So this looks like it's gotten better since I last looked, but it's still not
there yet.

Part of the problem is that the tracepoints themselves are in the wrong place:
your end event is when a task is woken up, but that means spurious wakeups will
cause one wait_event() call to be reported as multiple smaller waits, not one
long wait - oops, now I can't actually find the thing that's causing my
multi-second delay.

Also, in your example you don't have it broken out by callsite. That would be
the first thing I'd need for any real world debugging.

So, it looks like tracing has made some progress over the past 10 years, but
for debugging latency issues it's still not there yet in general.
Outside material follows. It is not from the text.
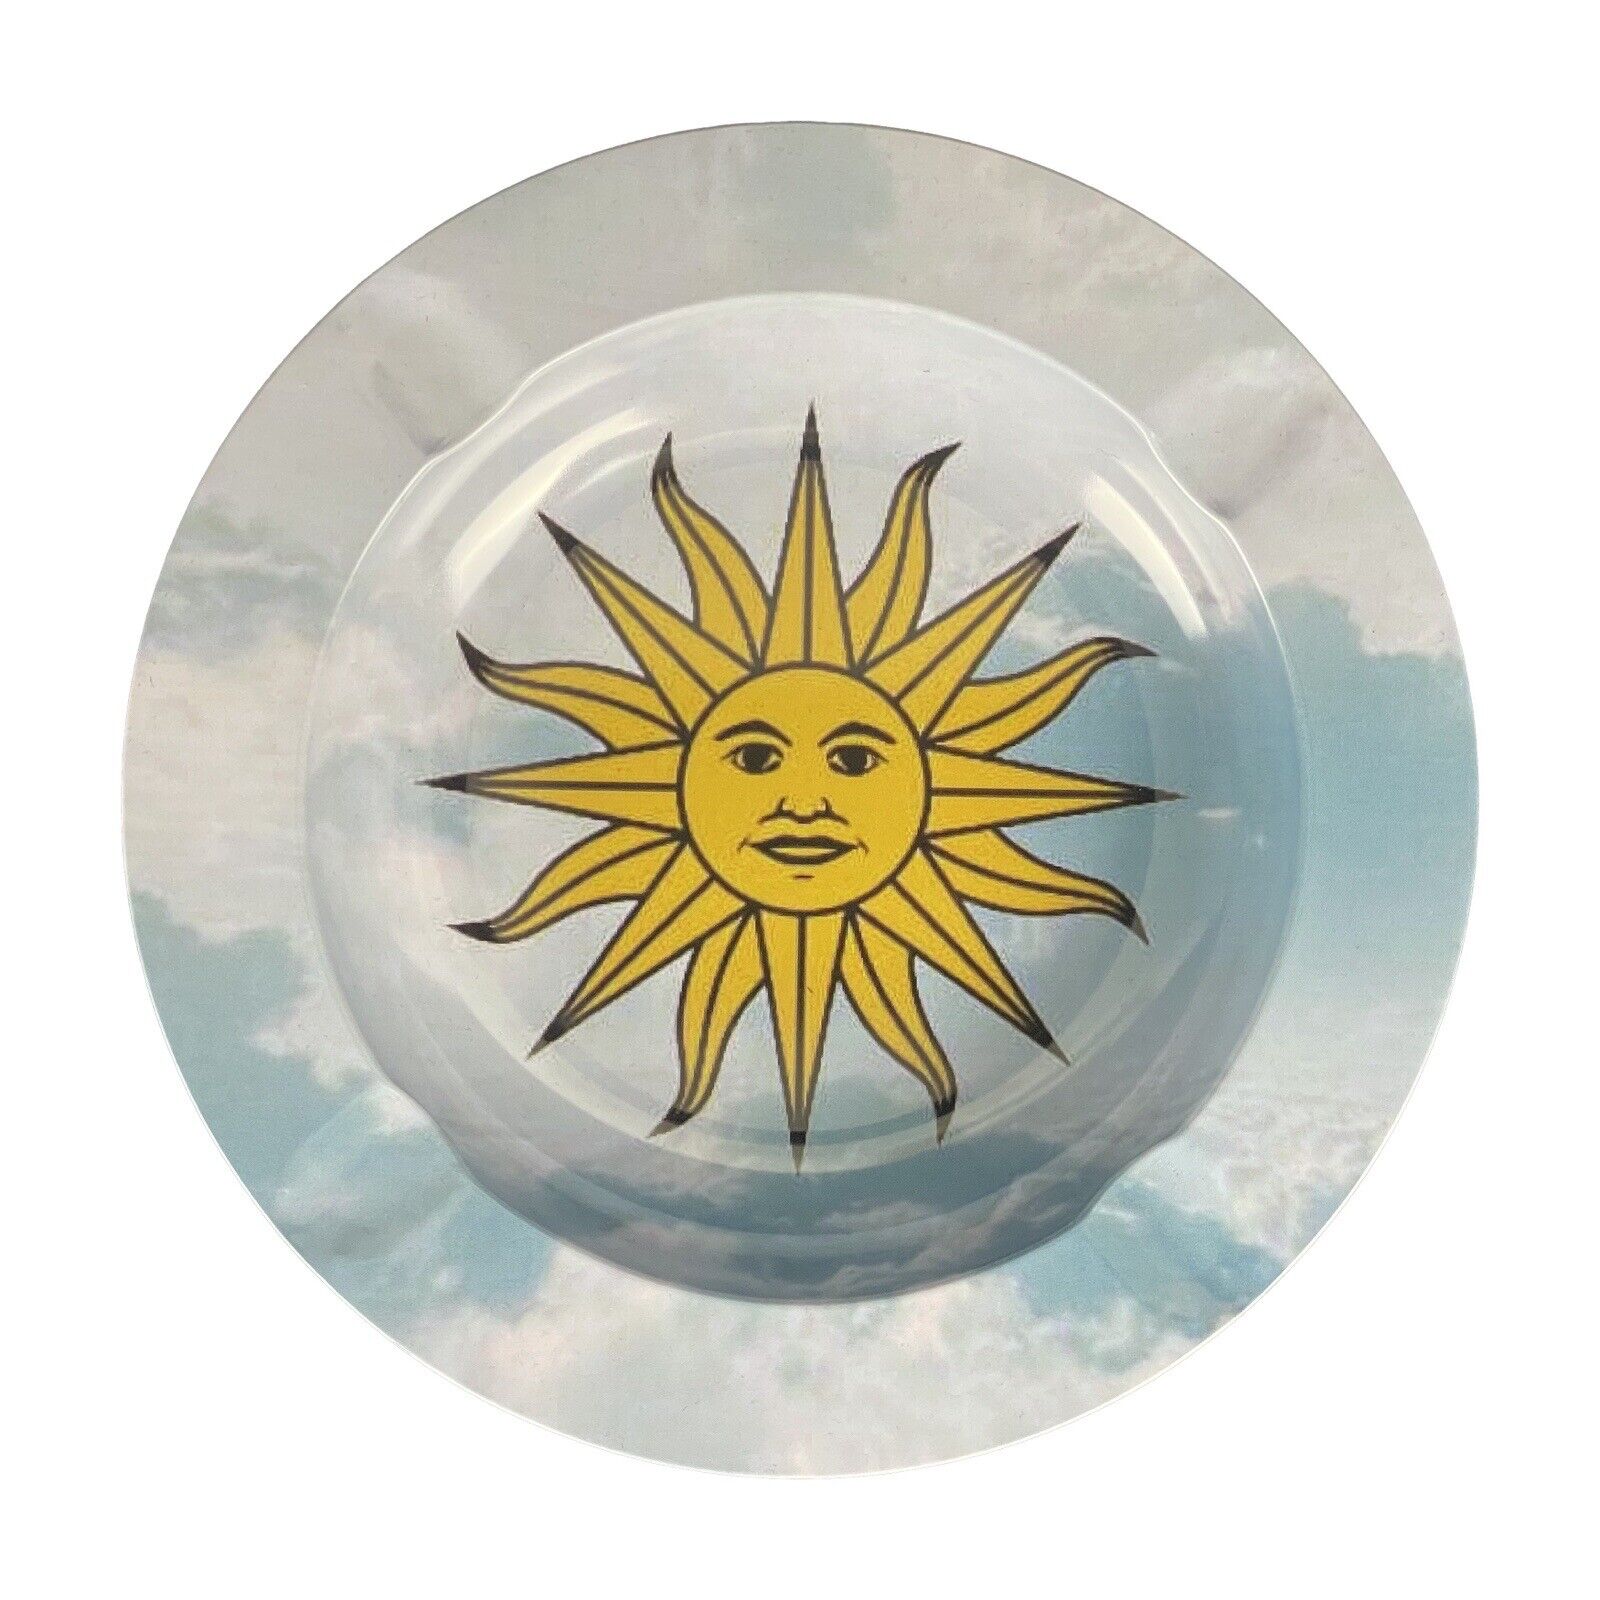 Ashtray “Sun Face in Clouds” 5.5” Circle Metal Tray Tobacco Smoke Accessories

I will
definitely remember function latency tracing the next time I'm doing performance
work, but I expect that to be far too heavy to enable on a live server.

This thing is only a couple hundred lines of code though, so perhaps tracing
shouldn't be the only tool in our toolbox :)



Re: [RFC PATCH 27/30] Code tagging based latency tracking

2022-09-01 Thread Steven Rostedt
On Thu, 1 Sep 2022 17:38:44 -0400
Steven Rostedt  wrote:

>  # echo 'hist:keys=comm,prio,delta.buckets=10:sort=delta' > 
> /sys/kernel/tracing/events/synthetic/wakeup_lat/trigger

The above could almost be done with sqlhist (but I haven't implemented
"buckets=10" yet because that's a new feature. But for now, let's do log2):

 # sqlhist -e 'select comm,prio,cast(delta as log2) from wakeup_lat'

("-e" is to execute the command, as it normally only displays what commands
need to be run to create the synthetic events and histograms)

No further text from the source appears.